** Opening DATA PROVIDED block **

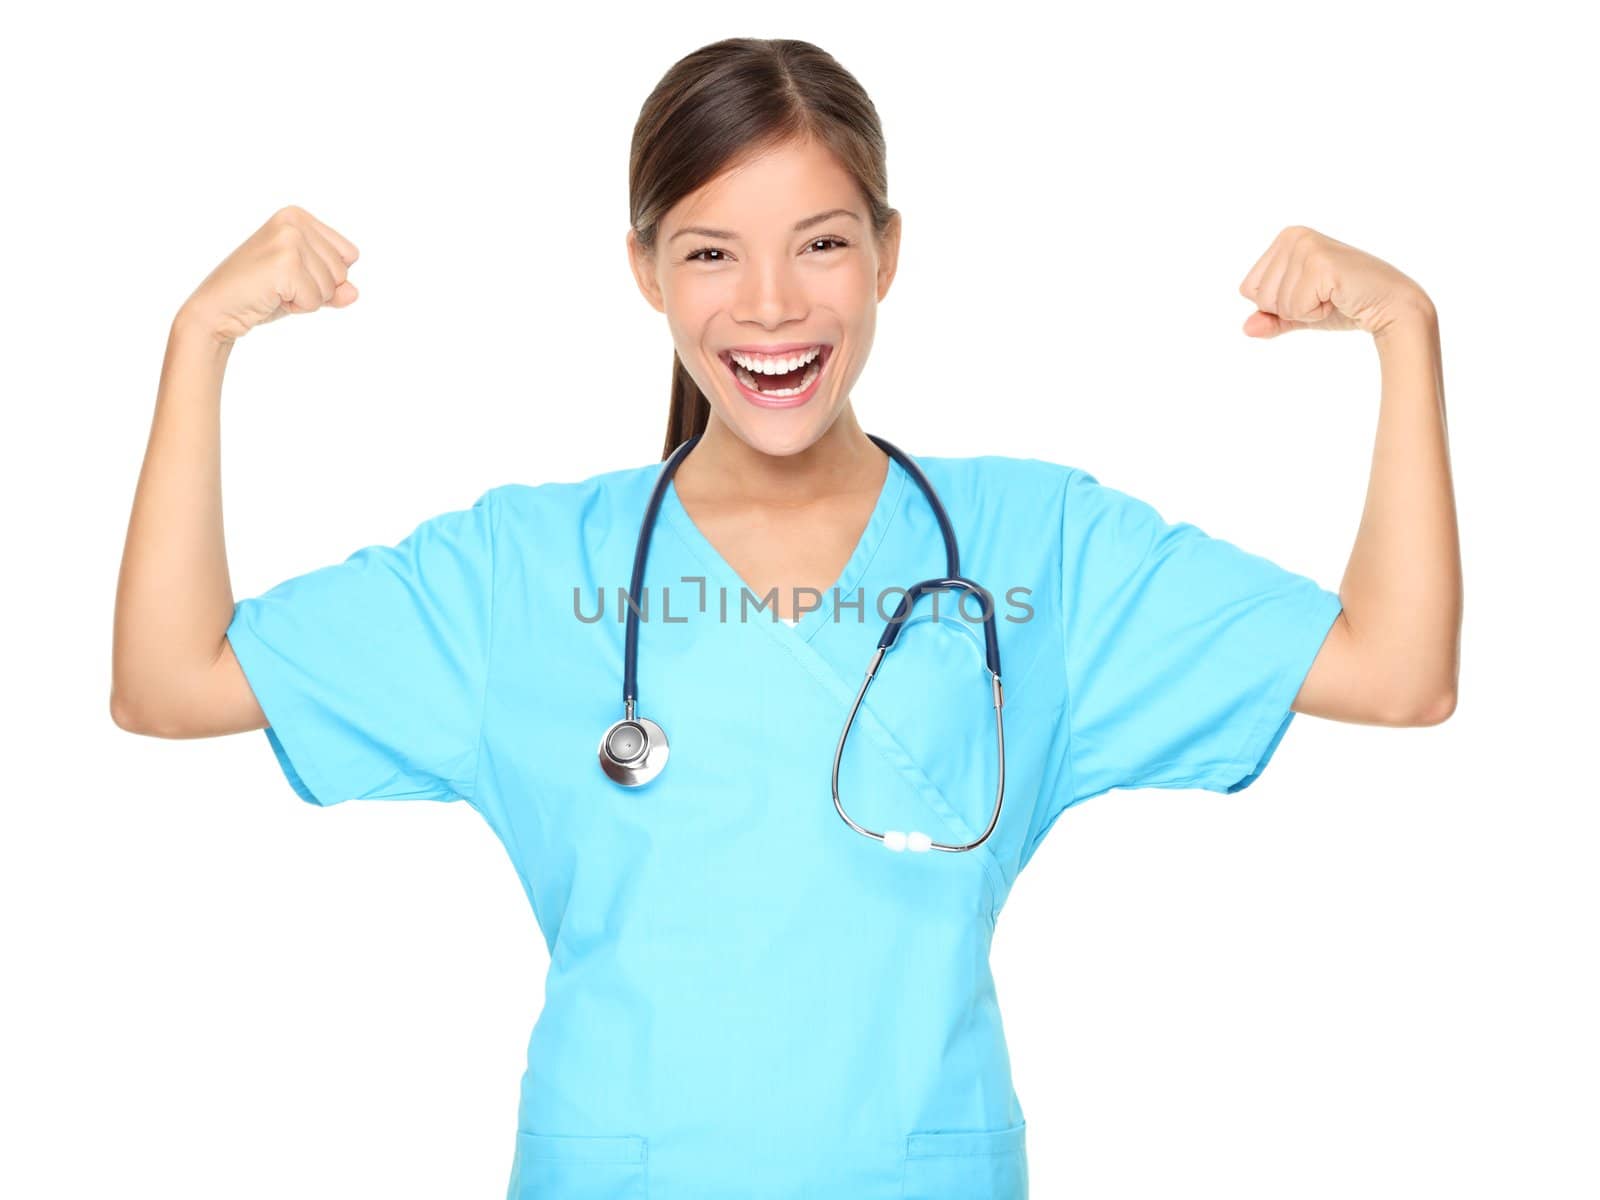 Nurse woman showing arm muscles smiling. Funny photo of successful young female nurse in blue scrub. Asian Caucasian woman isolated on white background.
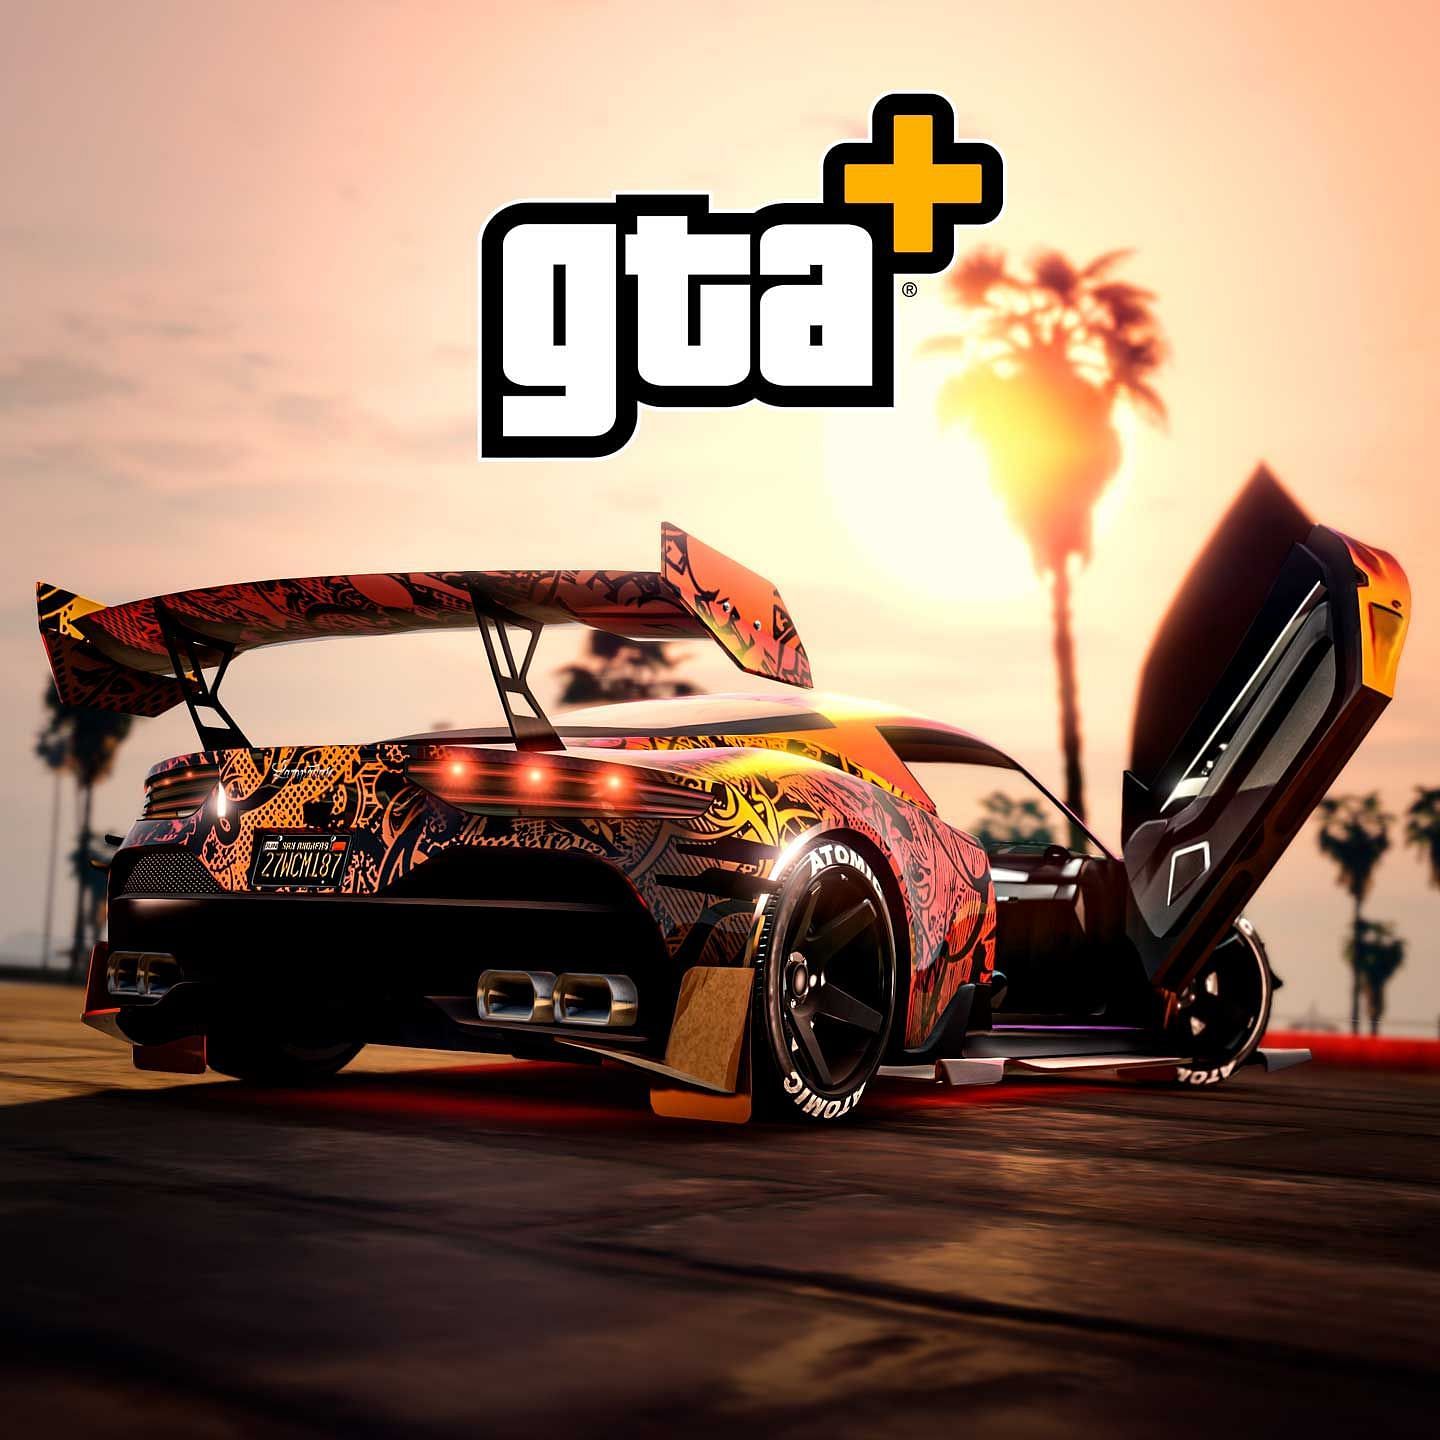 5 fastest GTA Online summer DLC cars according to lap time
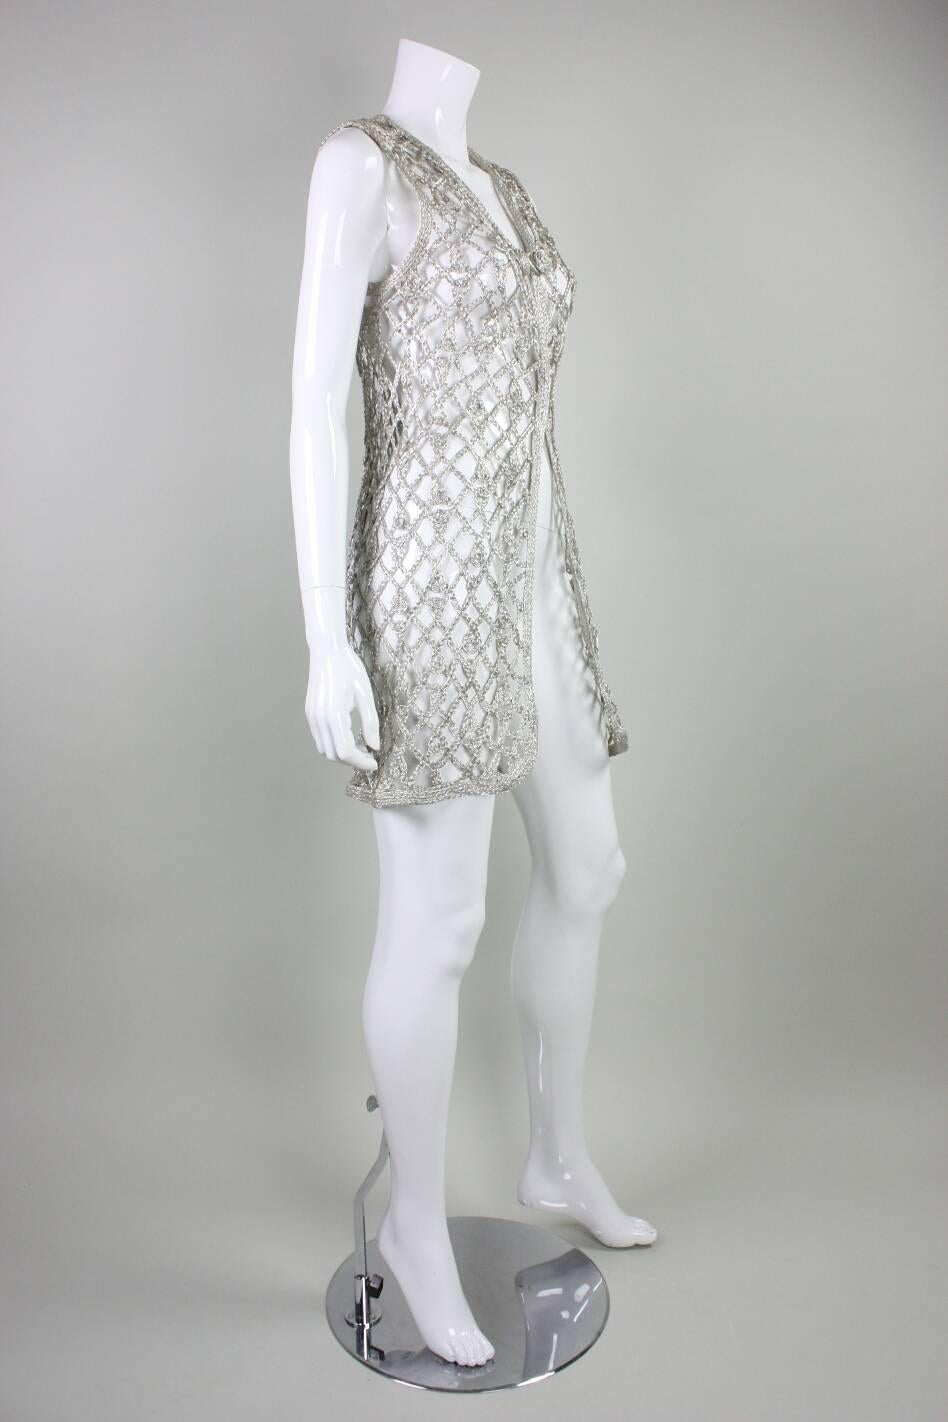 Vintage 1960's braided silver vest.  Unlined.  Looped closure at center front bust.

Measurements-

Bust: 32-34" (approximately)
Waist: 26"
Hips: 36

** Closing DATA PROVIDED block **

> **INSTRUCTIONS TO FOLLOW**: Give the lines of the entries above exactly as they appear, leaving out each picture.

> **TASK SOLUTION**:
 Nurse woman showing arm muscles smiling. Funny photo of successful young female nurse in blue scrub. Asian Caucasian woman isolated on white background.
 5 fastest GTA Online summer DLC cars according to lap time
 Vintage 1960's braided silver vest.  Unlined.  Looped closure at center front bust.

Measurements-

Bust: 32-34" (approximately)
Waist: 26"
Hips: 36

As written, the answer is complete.